In conjunction with the PLA experiment, we also conducted immunofluorescence assays (IFA) targeting the KSHV latency-associated nuclear antigen (LANA) in the same experiment. LANA is considered a representative marker of the KSHV episomal genome due to its persistent association with the KSHV episome during latency [21]. This approach allowed us to investigate the potential colocalization of the IFI16-NuRD and IFI16-Sin3A complexes with the KSHV genome. Interestingly, our findings demonstrated that both PLA signals corresponding to IFI16-CHD4 and IFI16-Sin3A robustly colocalized with LANA puncta (Figure 3A, white arrowheads), strongly supporting the potential role of IFI16 in the recruitment of these co-repressor complexes to the KSHV chromatin.

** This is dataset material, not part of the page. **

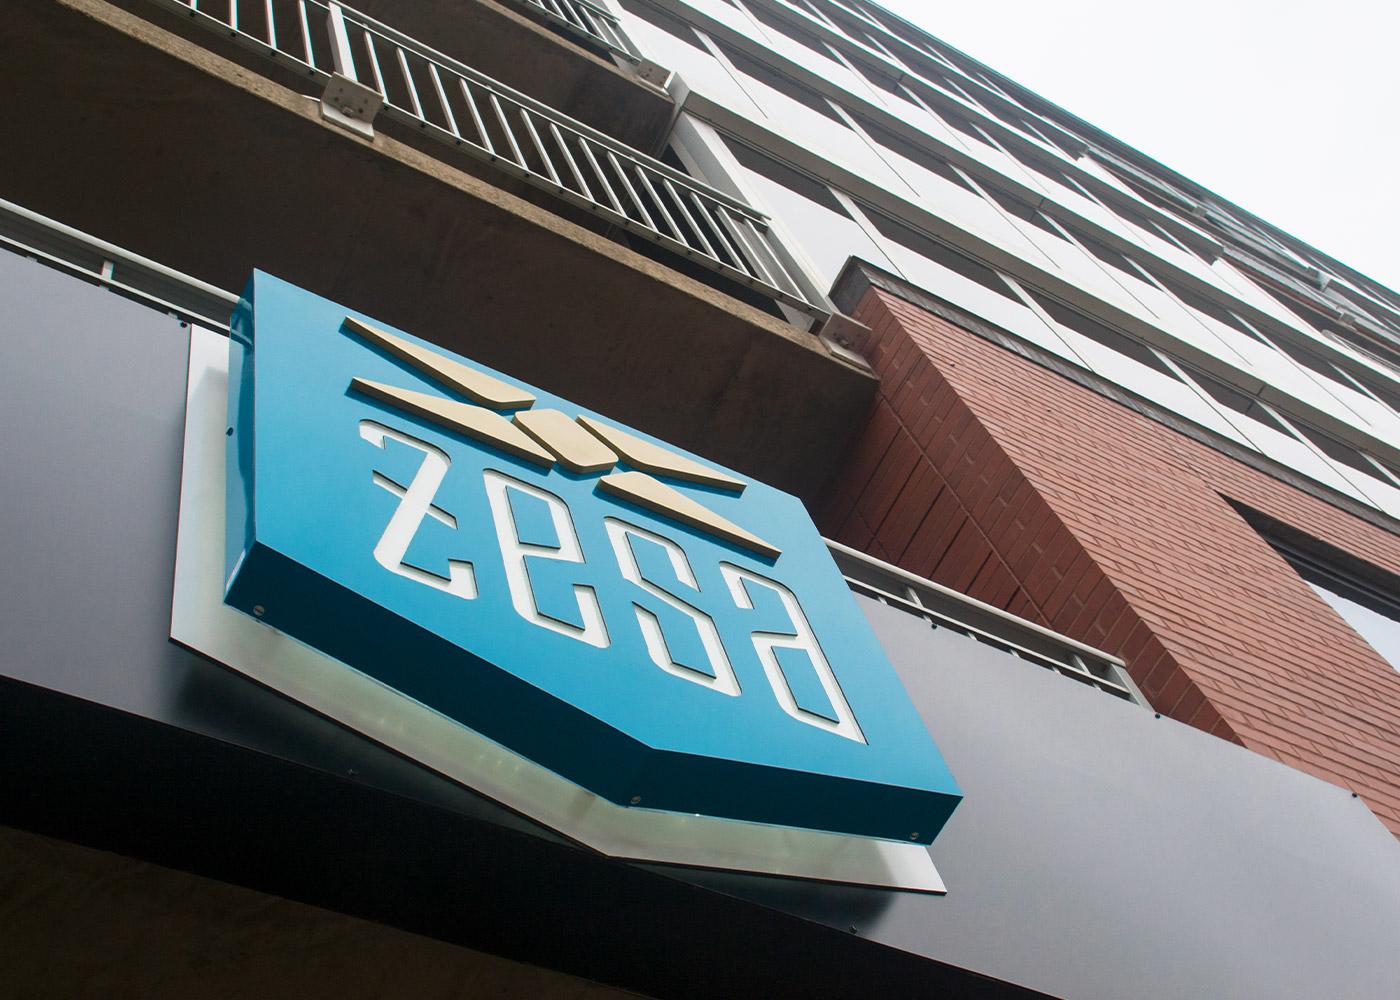 zesa dimensional backlit logo sign

3.5. Recruitment of HDAC1 to the NuRD and the SIN3A Complexes Is Dependent on the Presence of IFI16

Both the NuRD and Sin3A transcriptional co-repressor complexes depend on the deacetylase function of HDAC1 to compact chromatin and suppress transcription. Consequently, we next investigated the interaction between HDAC1 and the NuRD and Sin3A complexes following the KD of IFI16. Using a similar experimental setup to that outlined in Figure 1A, we performed PLA between HDAC1 and CHD4 and Sin3A in BCBL-1 cells. Our data indicated that after IFI16 KD depletion, the number of PLA dots for HDAC1-CHD4 and HDAC1-Sin3A significantly decreased compared to shC (Figure 4A). This suggests that IFI16 may act as a stabilizer for HDAC1 within these two complexes.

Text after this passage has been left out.